A continuación asegura que en el catálogo tampoco deberían faltar las mujeres que rozan los 20 y van desesperadas a rogar asistencia “porque se les perdió la sombrilla de los padres”. “No sé que tienen en la cabeza. ¡Hasta nos han pedido que aplaudamos como con los bebés! El otro día vino una señora. ‘¿Dónde está mi hija, dónde está mi hija?’, chillaba. Ahí salimos, a ver dónde carajo se había metido la nena. Al rato le pregunté: ‘Disculpe, ¿qué edad tiene la chica?’. ‘Veinticuatro’, respondió. ‘Bueno, lamento decirle que debe haberse ido a garchar’.”
Falta hablar con Ricardo, que según los veteranos es el guardavidas con más kilometraje. En efecto, se acuerda de los trucos de los bañeros de antaño, que relojeaban a los que se metían con cadenas de oro para “hacerse los salvadores” y de paso manotearles las joyas. “Era cualquiera. De ahí se iban al casino, que les quedaba cerca”, admite. Zonzos de manual conoció a varios. El primero que le viene a la mente es uno que lo hizo nadar como nunca. “Una vez que el mar estaba picadísimo hubo que salir a salvar a dos muchachos. Cada vez que salimos a rescatar, los mirones se amontonan en el espigón. Pero hete aquí que llegó un loquito, se metió en el amontonamiento de curiosos y los empezó a empujar. Ma-mi-ta. En un momento éramos dos guardavidas y teníamos a catorce chabones tragando agua a nuestro alrededor. Un desastre.”

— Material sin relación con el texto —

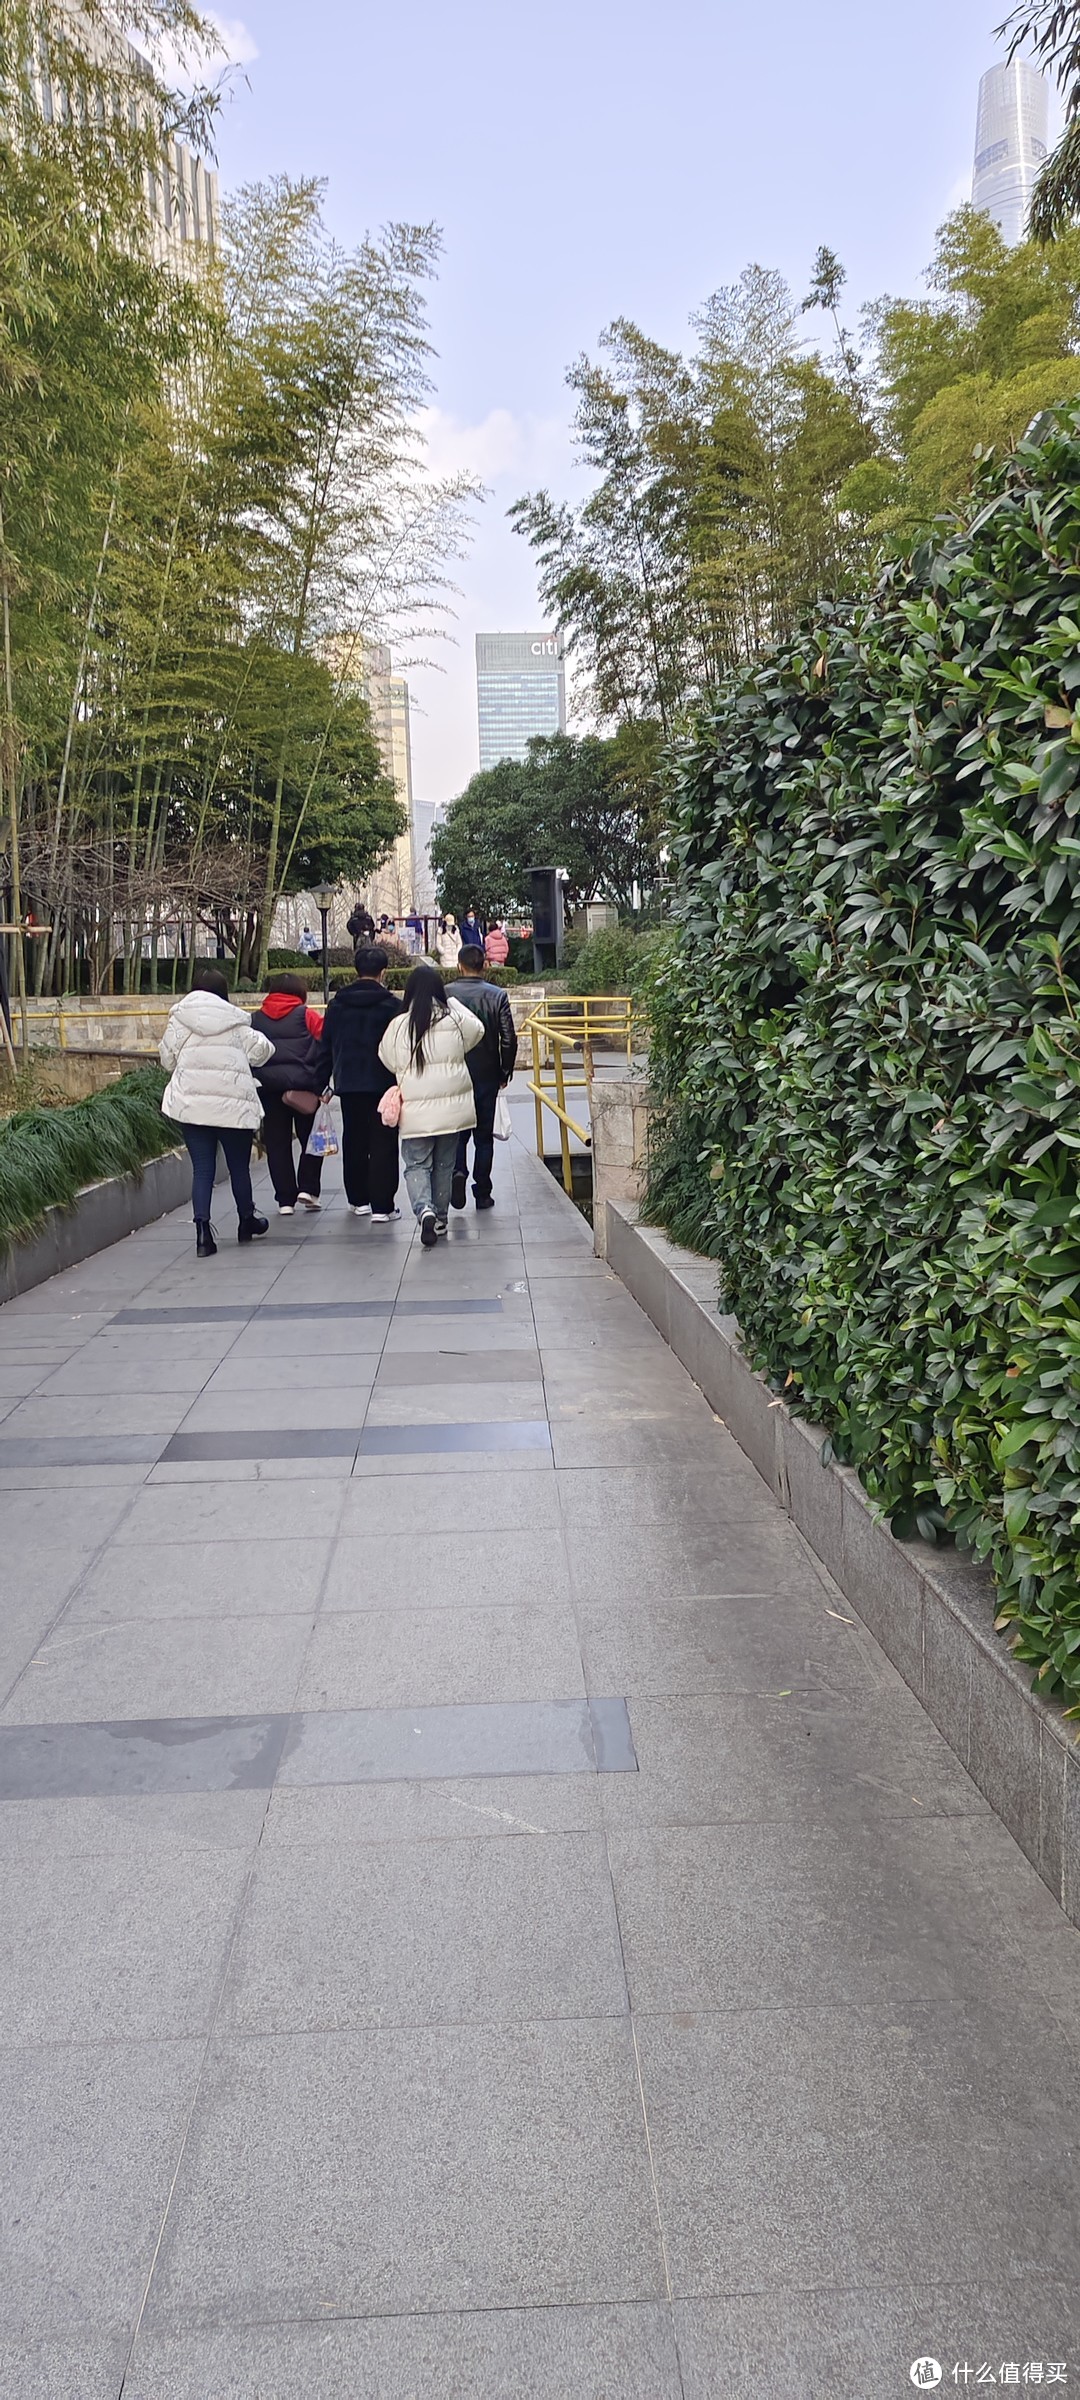 上海黄浦区/古城公园游记/竹林环绕，林间小道/探索历史的轨迹，诉说城墙的故事/蜿蜒曲折，错落有致

El viejo lobo se despide con un caso que arranca exclamaciones de sus compañeros. “¿Se acuerdan del Gato? Era un flaquito que se había hecho famoso porque era el único que se animaba a saltar del cartel que está arriba del Club de Pesca”, rememora. El club está ahí enfrente, tiene una publicidad enorme de cerveza y es más alto que cualquier trampolín. “El Gato se hizo chorro, lo agarraron y se morfó veinte años en cana. Cuando recuperó la libertad, vino de visita acá y lo primero que quiso hacer es subirse de nuevo al lugar desde donde hacía sus clavados en la adolescencia.” De cara a las olas y con la brisa en la cara, el ex presidiario debe haber sentido que recuperaba su juventud. “En eso vimos que se trepaba y tratamos de advertirle que no lo hiciera. Cuando se tiró clavadito, quedó incrustado en la arena, porque la municipalidad había rellenado la zona para que fuera súper playita y los turistas estuvieran más cómodos. Quedó re mal, pobre chabón.” Alrededor, Sergio, Tino, Ricardo y Blas no paran de reírse, con una pizca de culpa y otra de malignidad. Se va la luz y ellos continúan desgranando historias de la costa, que a esa hora tiene como protagonistas exclusivos a un par de pichichos jodones. “Fuera de broma, ¿sabés que es lo más irracional de acá?”, dispara Ricardo al final. “Que no haya un plan coherente que nos permita disponer de sillas para que las personas con capacidades diferentes se puedan meter al mar. Ahí tenés la idiotez más grande.”